À l’horizon 2009-2010, le travail de Sandrine Pelletier, jusqu’alors concentré sur le dessin et la broderie, prend un tournant décisif. Délaissant aiguille et crayon, elle s’arme désormais d’un briquet et se confronte aux arts du feu : céramique, verre et bois brûlé.

En véritable pyromane des poncifs techniques et esthétiques, Sandrine Pelletier pousse chacun de ses nouveaux médiums à leurs points de ruptures. De l’expérience de ces derniers va se dégager un élément désormais crucial pour elle : l’accident. Bois calciné, verre fondu et brisé ou sur le point de l’être, céramique noircie vont développer le langage de l’artiste dans des directions qui ne feront l’impasse ni sur la figuration ni sur l’abstraction et le conceptuel.

L’atelier qu’elle occupe au Caire en 2012, juste après le printemps arabe qui a bouleversé le pays, a sans aucun doute lui aussi eu un impact durable sur sa manière de travailler et sur ses références. De nouvelles muses surgissent en la jeunesse alternative cairote. De cette rencontre avec des codes inattendus dans un pays arabe vont surgir bon nombre de dessins au fusain qui sont regroupés dans un ouvrage produit et relié en Egypte. Toute la nouvelle grammaire de l’artiste y figure. On y trouve ainsi des références aux rituels, aux légendes et à l’exotisme mais aussi un intérêt nouveau pour la métamorphose, l’éphémère et l’accidentel. Ses constructions urbaines en bois réunissent ces nouveaux intérêts. La fragilité et la patine du temps cohabitent dans ces nouvelles architectures calcinées tels Nafas (2012), anamor-phoses directement inspirées des motifs islamiques, ou Emergences (2014) et Only the Ocean is Pacific (2015).

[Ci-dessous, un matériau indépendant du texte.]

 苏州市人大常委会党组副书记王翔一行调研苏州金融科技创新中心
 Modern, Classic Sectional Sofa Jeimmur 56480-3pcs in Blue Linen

C’est que Sandrine Pelletier n’est pas une artiste éponge, elle n’absorbe pas le monde qui l’entoure, non, elle le scrute avec acuité et le métamorphose dans ses œuvres. Lorsqu’elle est invitée à participer, en 2014, au Vent des forêts, dans la Meuse, elle n’hésite pas à construire son propre four pour verrier en torchis et terre réfractaire en pleine forêt et à projeter, encore en fusion, la matière transparente, sur des constructions de bois brûlé. Les fils de verre, traces des gestes de projection désormais figés, tissent ici une toile d’araignée monumentale à la couleur ambre.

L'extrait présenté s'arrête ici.